When despair for the world grows in me
and I wake in the night at the least sound
in fear of what my life and my children's lives may be,
I go and lie down where the wood drake
rests in his beauty on the water, and the great heron feeds.
I come into the peace of wild things
who do not tax their lives with forethought
or grief. I come into the presence of still water.
And I feel above me the day-blind stars
waiting with their light. For a time
I rest in the grace of the world, and am free.”
                       Wendell Berry “The Peace of Wild Things”

I love this poem, and have used it often as motivation for writing. It reminds me ever that when the world of human politics and aggression is raging, when drought and storms are blowing across the land, when nothing in our world brings comfort, the loons are still paddling about on Lake Martin; the hawks are circling on high, riding the wind for the shear joy of it. In South Alabama, bald eagles are nesting in the tops of the long-leaf pines, and feeding their giant babies, just as always. There was a video clip on the news this week about the hundreds of dolphin feeding together along the California coast. It must have been thrilling to see them.
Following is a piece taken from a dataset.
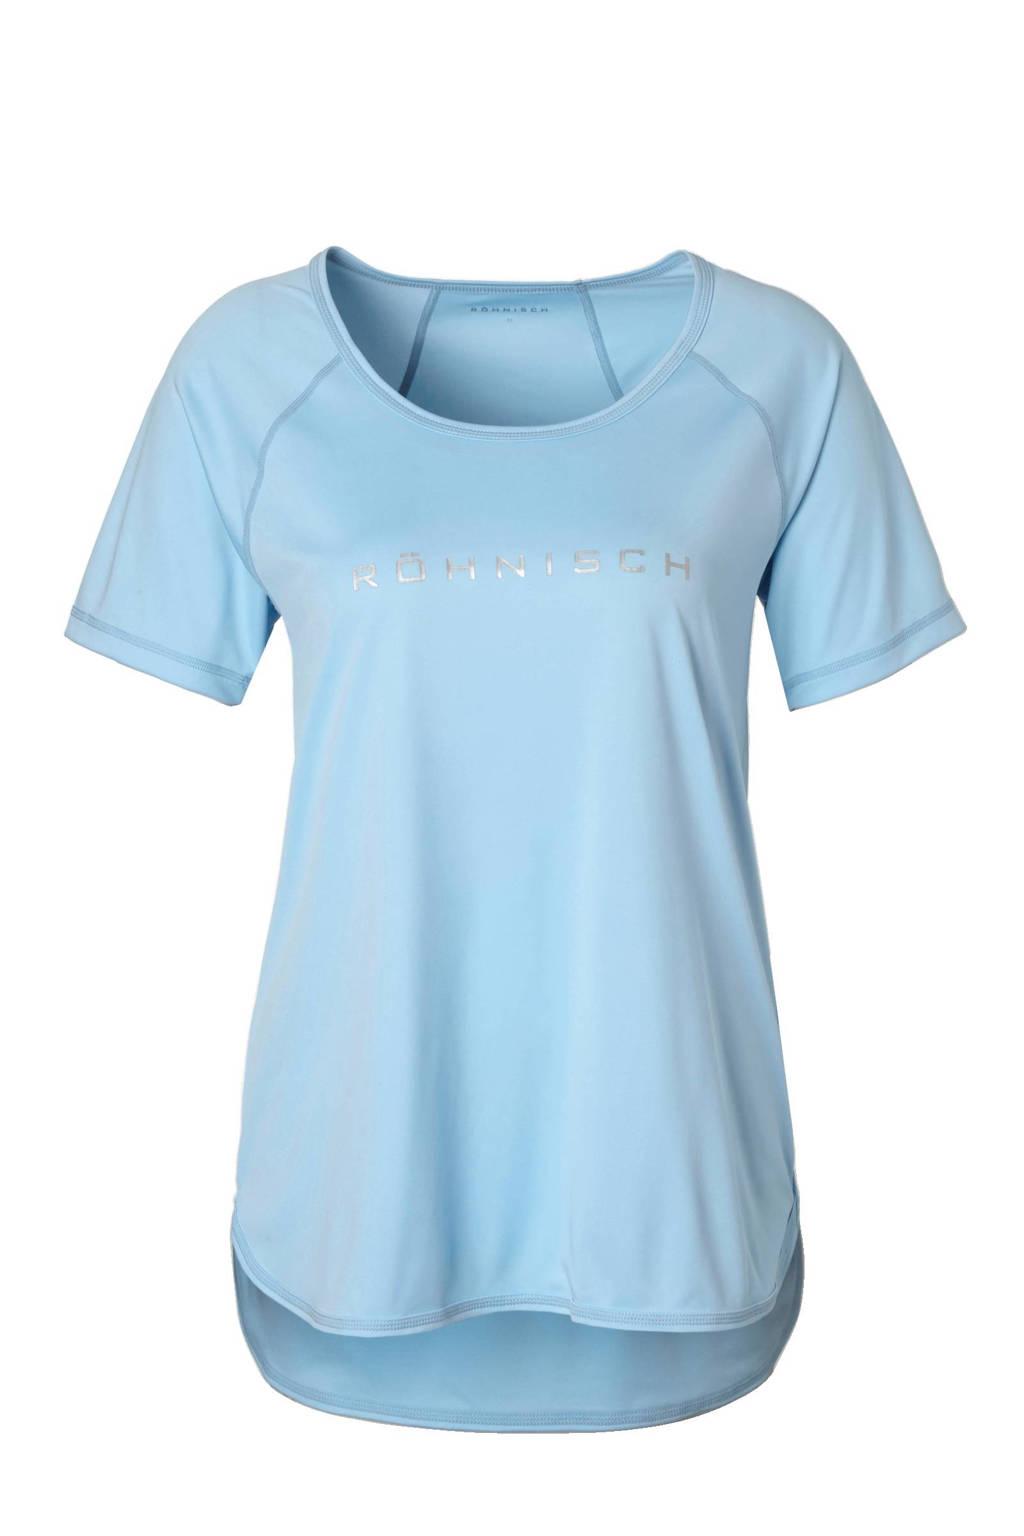 Rohnisch sport T-shirt, Lichtblauw/Zilver

The people interviewed felt they had experienced a holy moment—a once in a lifetime event.

Yesterday, I sat for a long time and watched a flock of robins getting high on fermented holly berries. They whipped in and out of the trees at great speed, shouting to one another with exuberance. Clearly, they were feeling no pain. And this time of year thousands of starlings gather to fly their choreographed dance, moving in concert from tree to tree, ground to sky. Though they are close enough to form a veil, I've never seen one of them run into another. They and the robins cover the entire yard and peck about like kindred spirits. When one lifts off, the whole flock follows, as though they share a single mind, a single heart.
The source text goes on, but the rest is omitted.